→ Records provided:
□ □ □ □
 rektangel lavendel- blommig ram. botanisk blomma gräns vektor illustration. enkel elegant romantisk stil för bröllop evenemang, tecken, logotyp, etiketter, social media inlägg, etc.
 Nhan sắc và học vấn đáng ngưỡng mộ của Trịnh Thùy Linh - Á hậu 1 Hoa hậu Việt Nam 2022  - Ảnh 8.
□ □ □ □
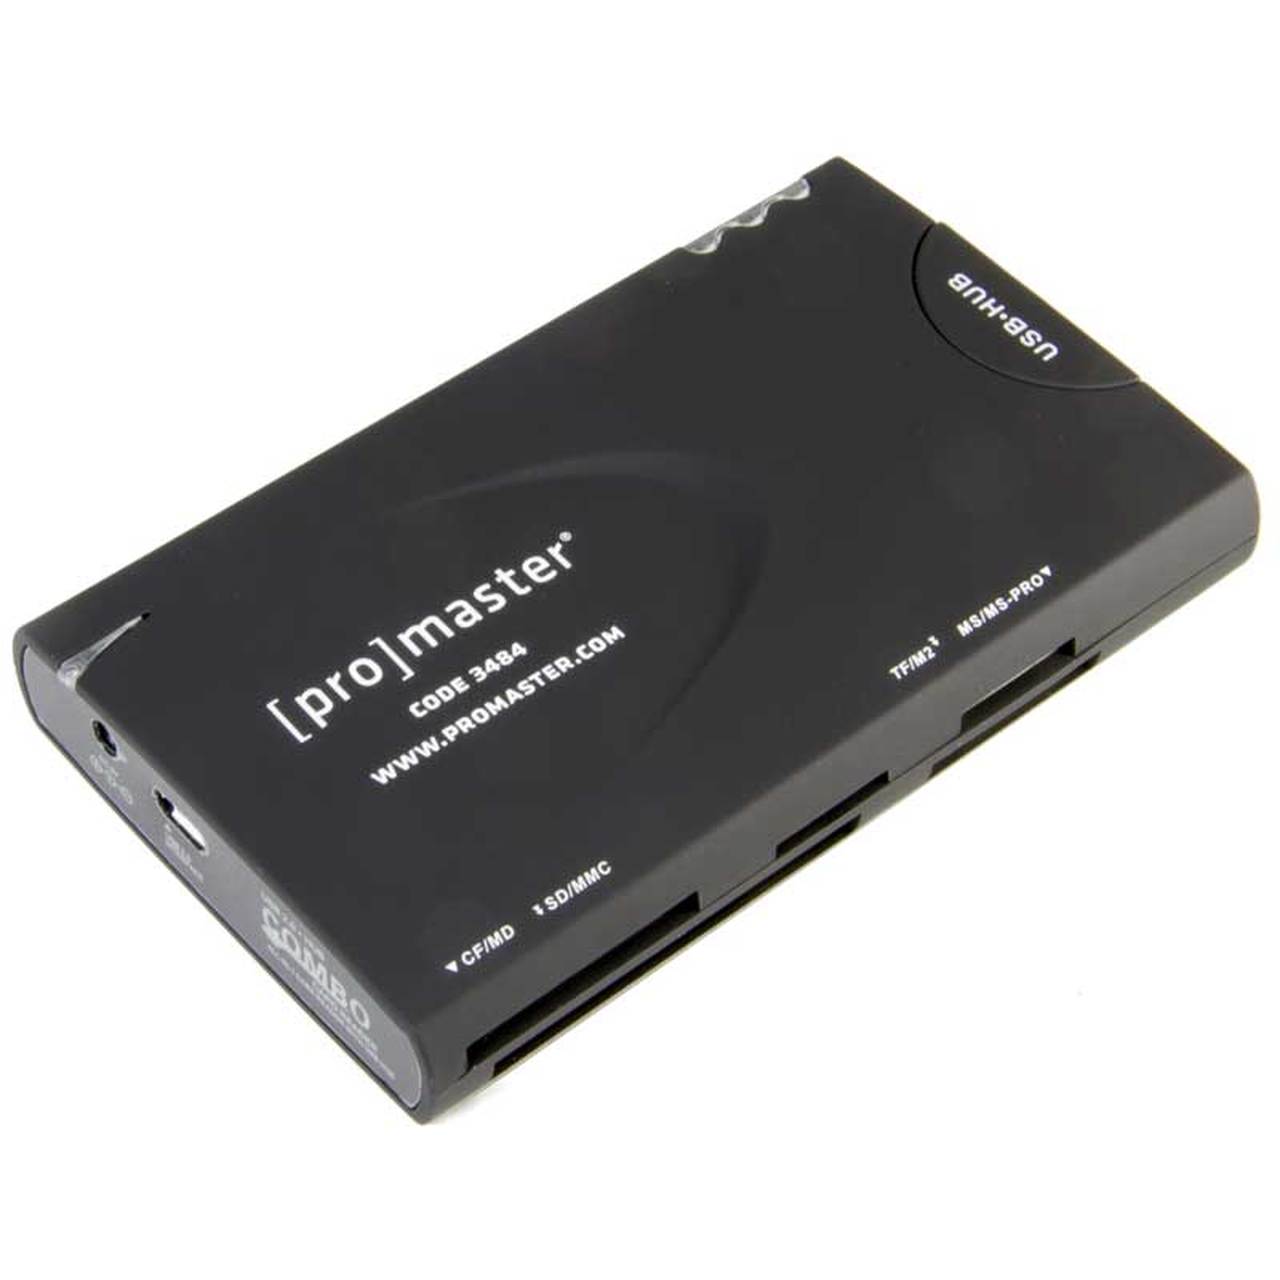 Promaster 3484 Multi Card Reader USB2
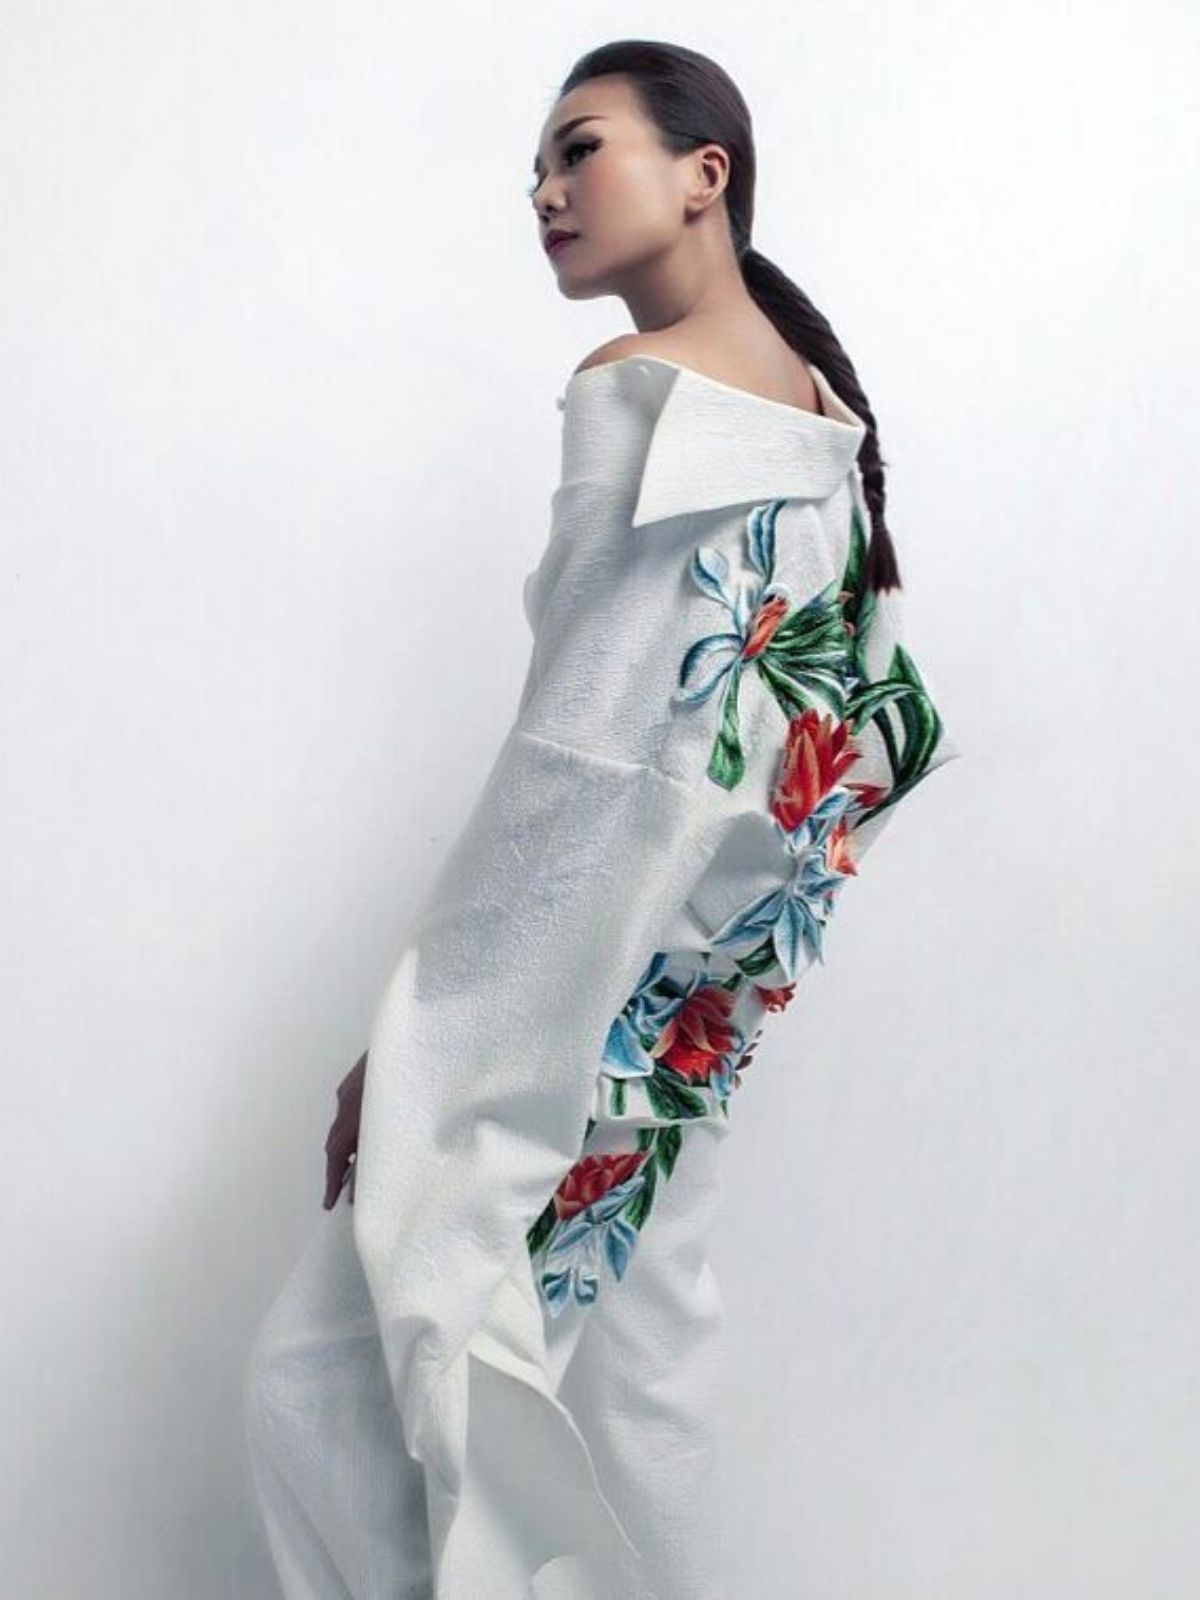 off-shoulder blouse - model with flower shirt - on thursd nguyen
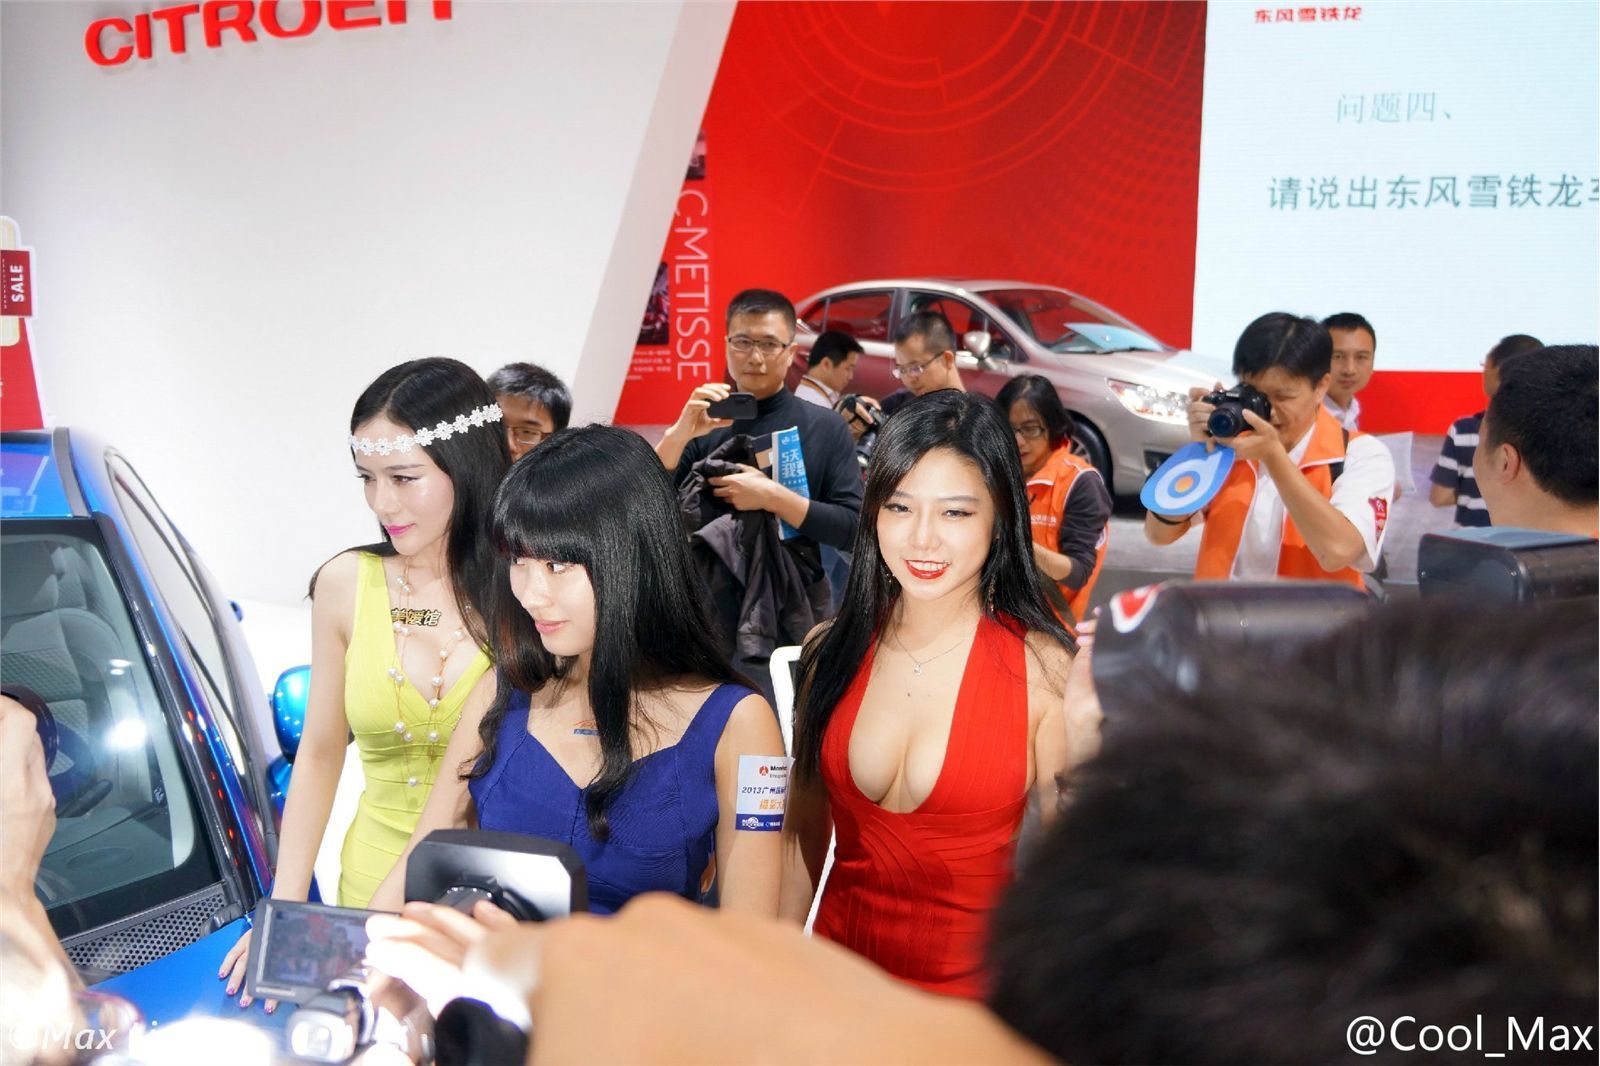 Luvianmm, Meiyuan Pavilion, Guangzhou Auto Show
□ □ □ □
→ Task goal:
Everything above from the line with "rektangel lavendel- blommig" to the line with "Nhan sắc và", both included, must be repeated exactly, and nothing outside that range.

→ Your response:
 rektangel lavendel- blommig ram. botanisk blomma gräns vektor illustration. enkel elegant romantisk stil för bröllop evenemang, tecken, logotyp, etiketter, social media inlägg, etc.
 Nhan sắc và học vấn đáng ngưỡng mộ của Trịnh Thùy Linh - Á hậu 1 Hoa hậu Việt Nam 2022  - Ảnh 8.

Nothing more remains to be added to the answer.